A husband is challenged “to love his wife even as Christ loved the church and gave Himself for it.” Do you think Christ would take unfair advantage of His church? Or be unfaithful to it? Do you think Christ would do anything to hurt His church? Not on your life! No wife need fear submitting (give honor) to a husband who loves her in the same way and to the same extent that Christ loves the church. The husband who does that has already submitted to her.

To understand marriage we must recognize that God gave to each of us a threefold nature: we are body, mind, and spirit. Normal life physically leads to health; normal life psychologically leads to happiness; normal life spiritually leads to holiness. If husbands and wives understand this threefold nature they will have a healthy and happy marriage.

A healthy marriage involves the physical, in which sex becomes the highest expression of love and oneness of which two humans are capable.

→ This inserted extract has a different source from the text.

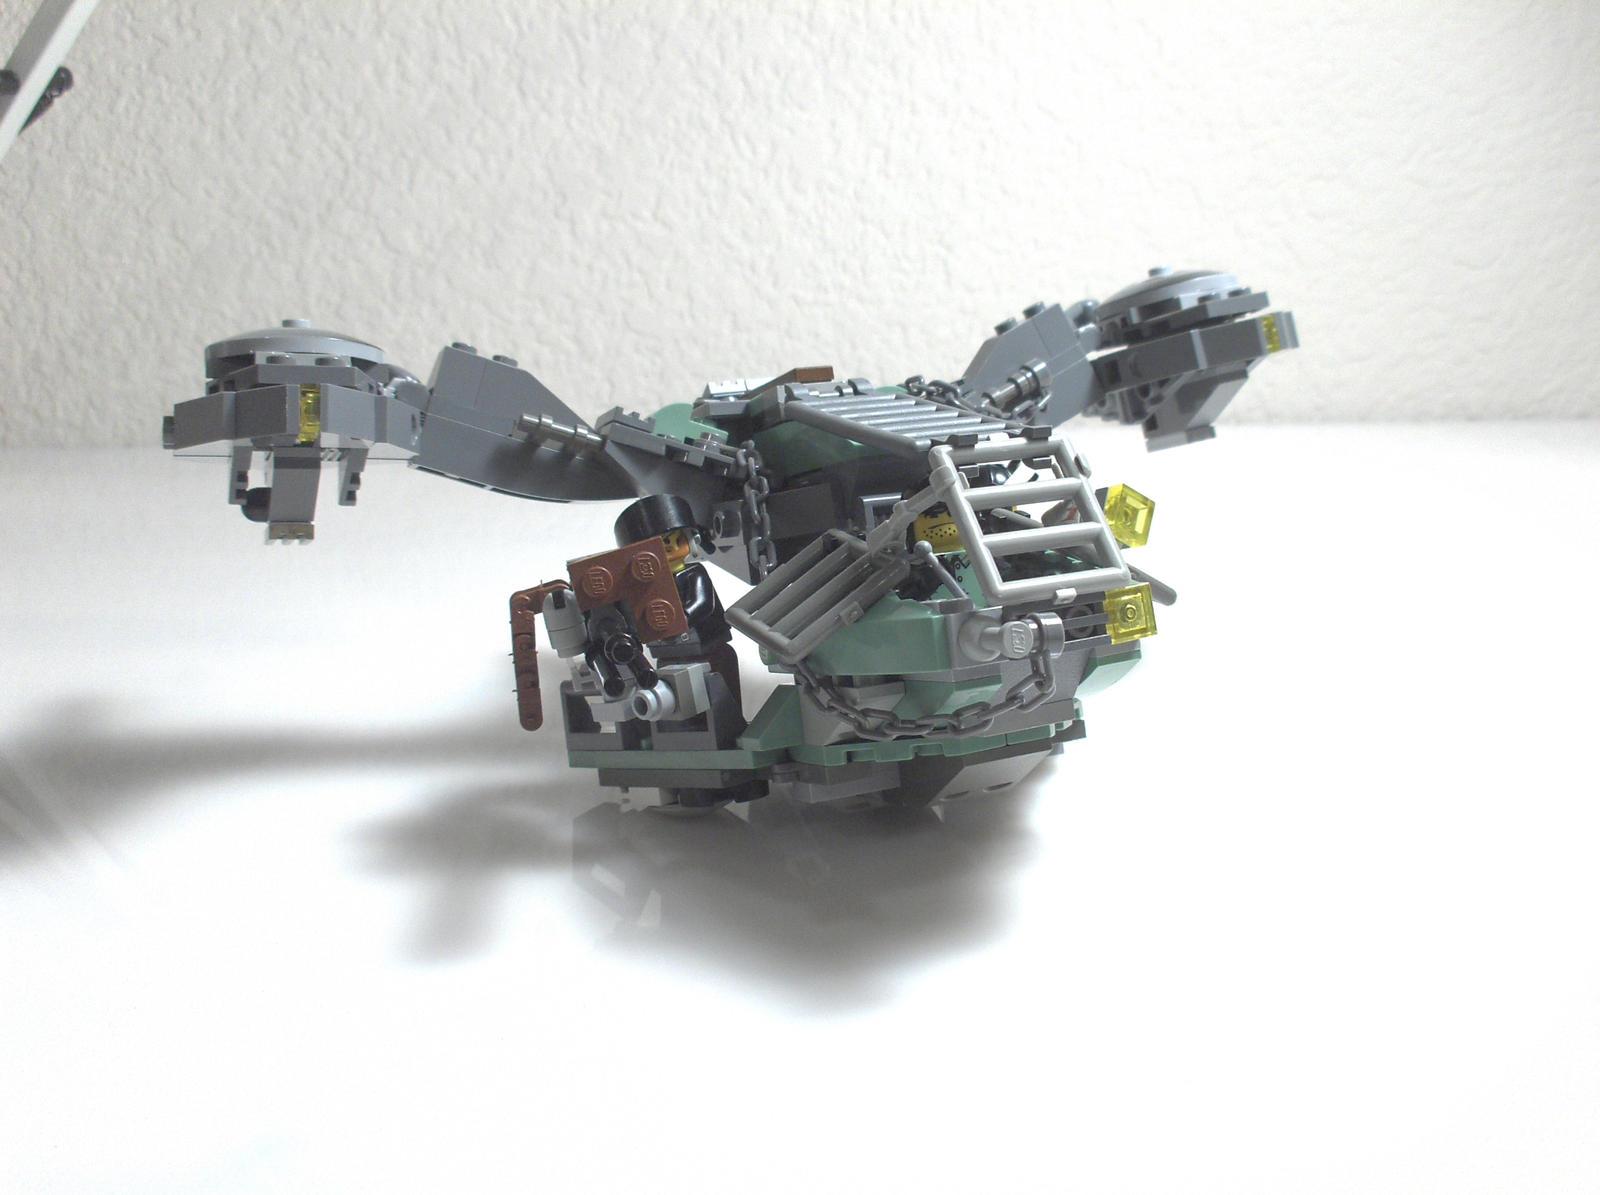 Post-Apoc Hornet 1 by Tekka-Croe
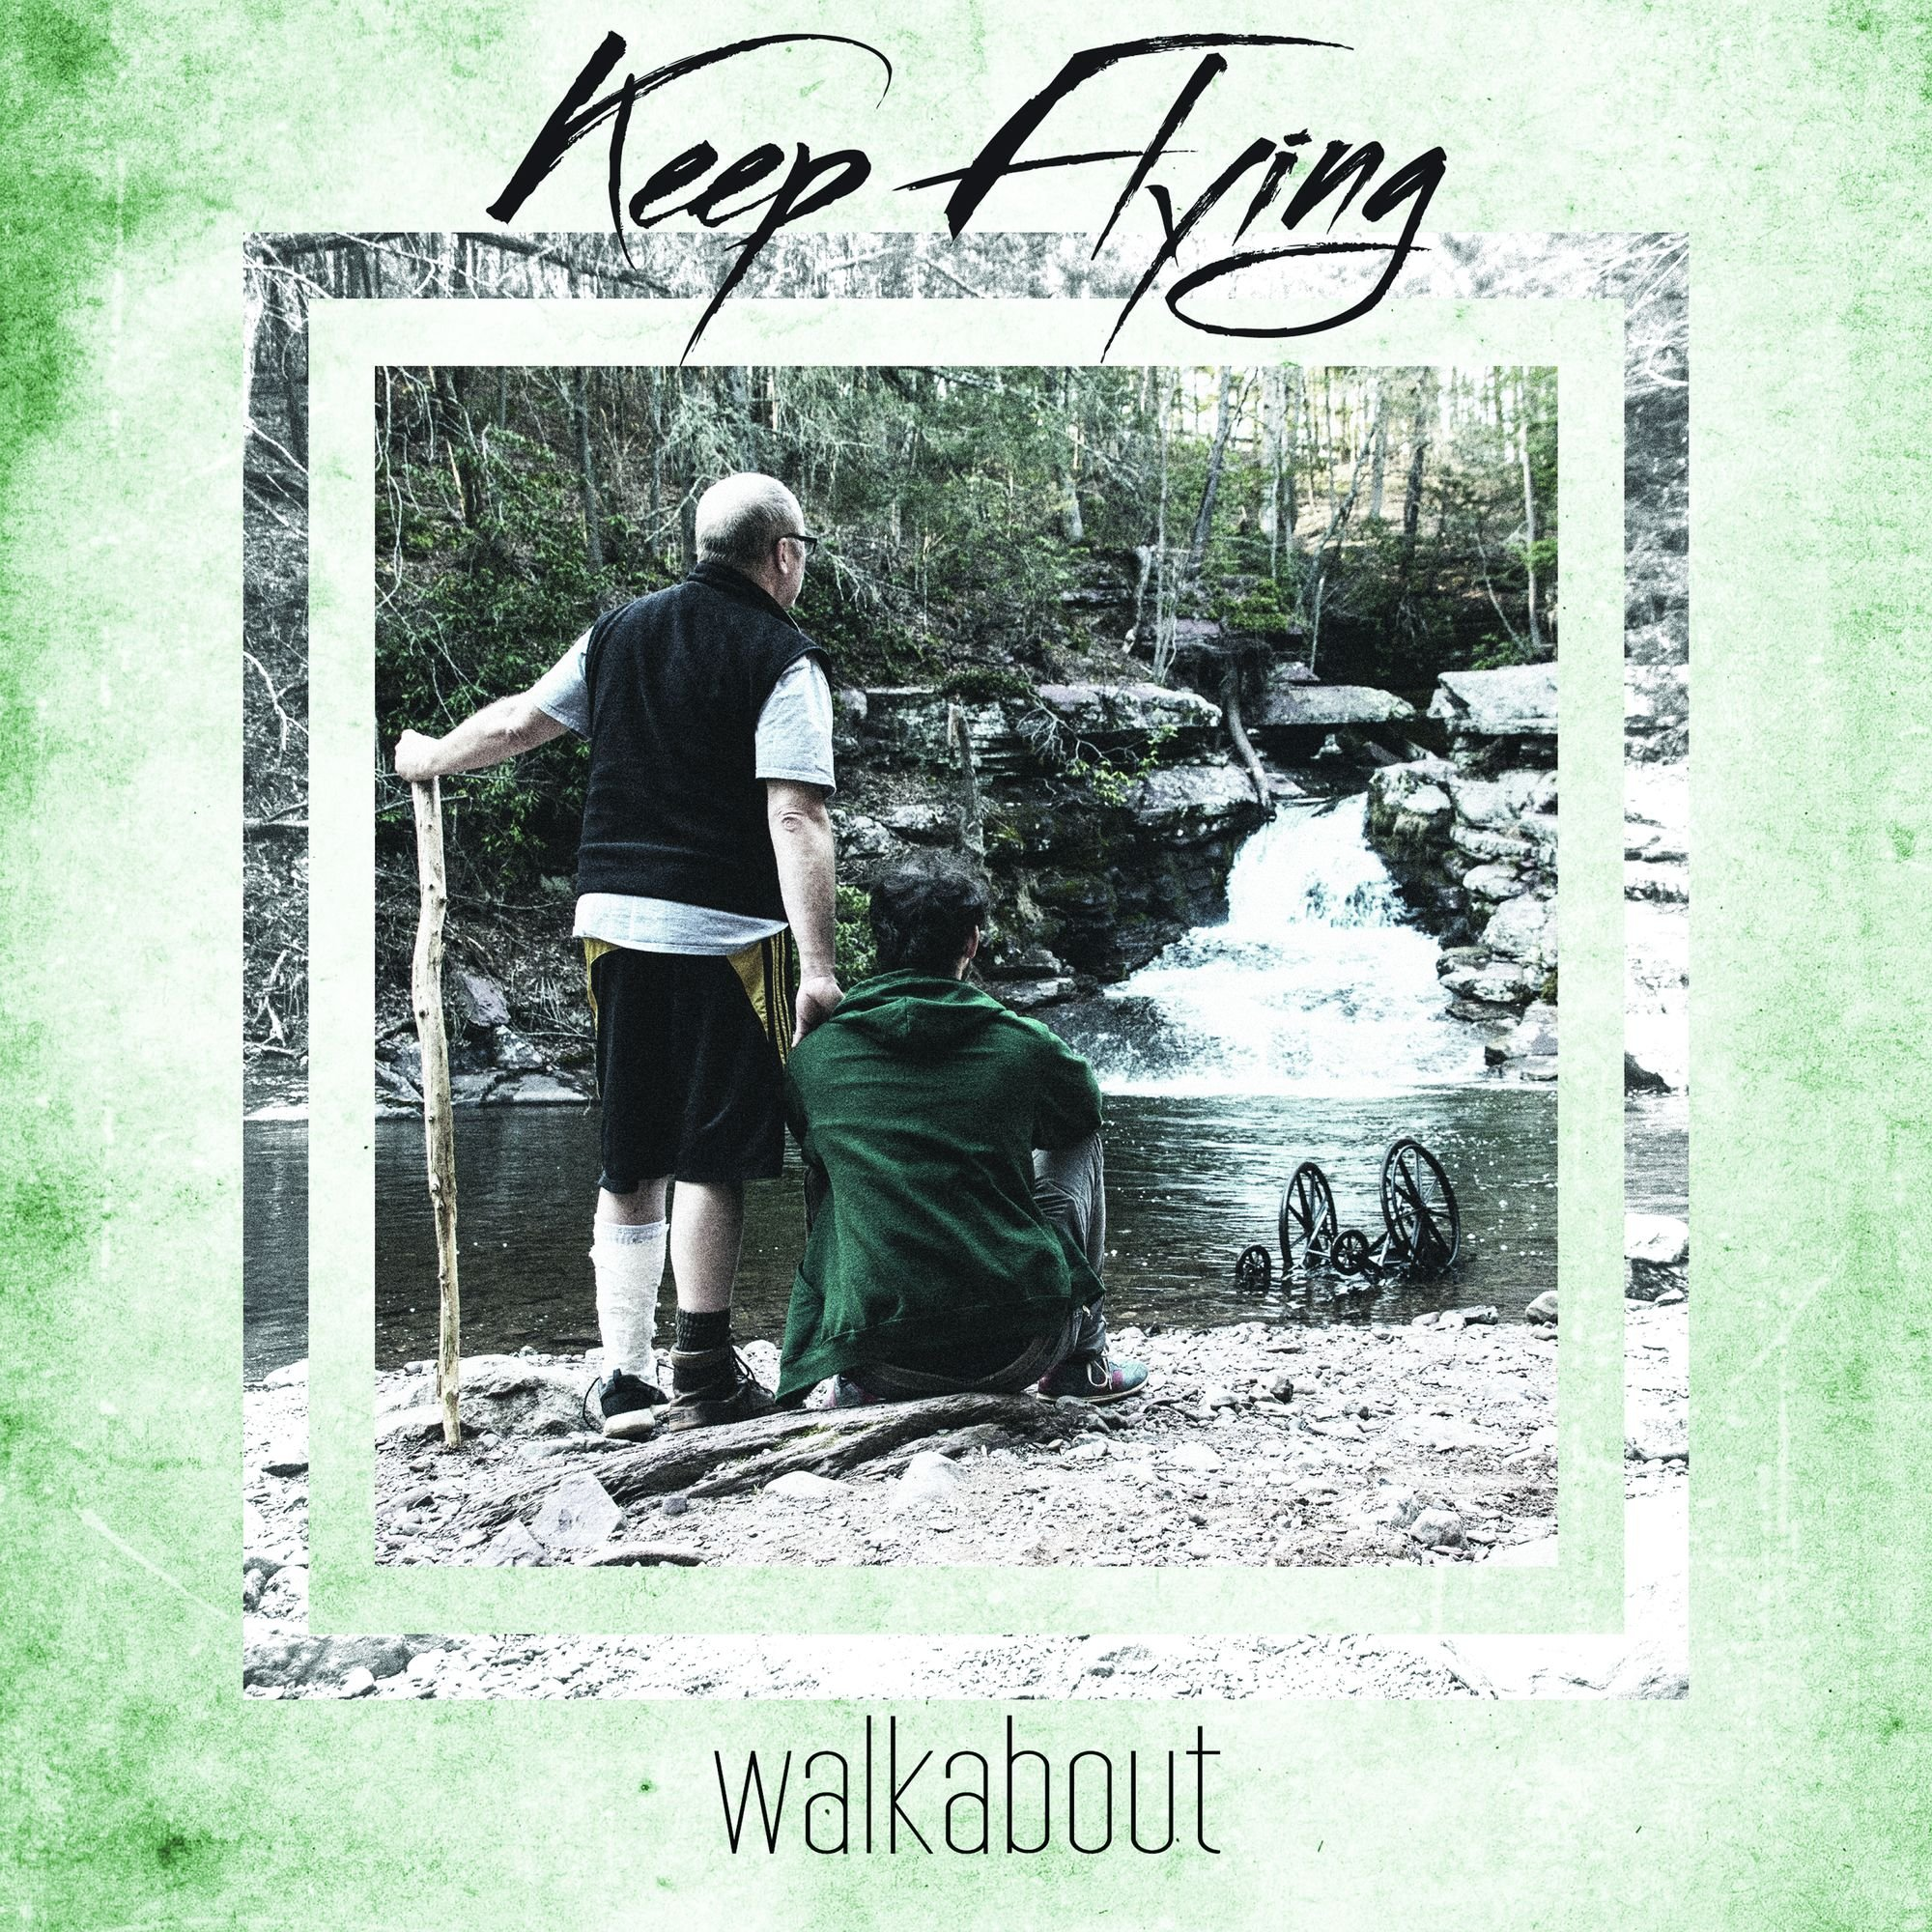 Vinilo : Keep Flying - Walkabout /  Follow Your Nightmares (LP Vinyl)

The reason so many marriages fail is that they have only one-third of a marriage: a home based only on the physical, on sex – which is mere lust, not love. There are also homes that have two-thirds of a marriage in that they have physical relationships and psychological unity. To have a one-third marriage or a two-thirds marriage is to have less than a whole marriage, which includes spiritual wholeness.

Many marriages end up in divorce courts because those involved initially viewed marriage as a “short term option,” not as a lifetime contract which involves the words, “until death parts us.” Lack of planning prior to the wedding can leave couples totally unprepared when “moonlight and roses” turns into “daylight and diapers.” The same God who requires premarital chastity demands total post-marital fidelity – physically, psychologically, and spiritually.

If you do not have that kind of marriage, it is not too late to start anew. God will guide you every step of the way.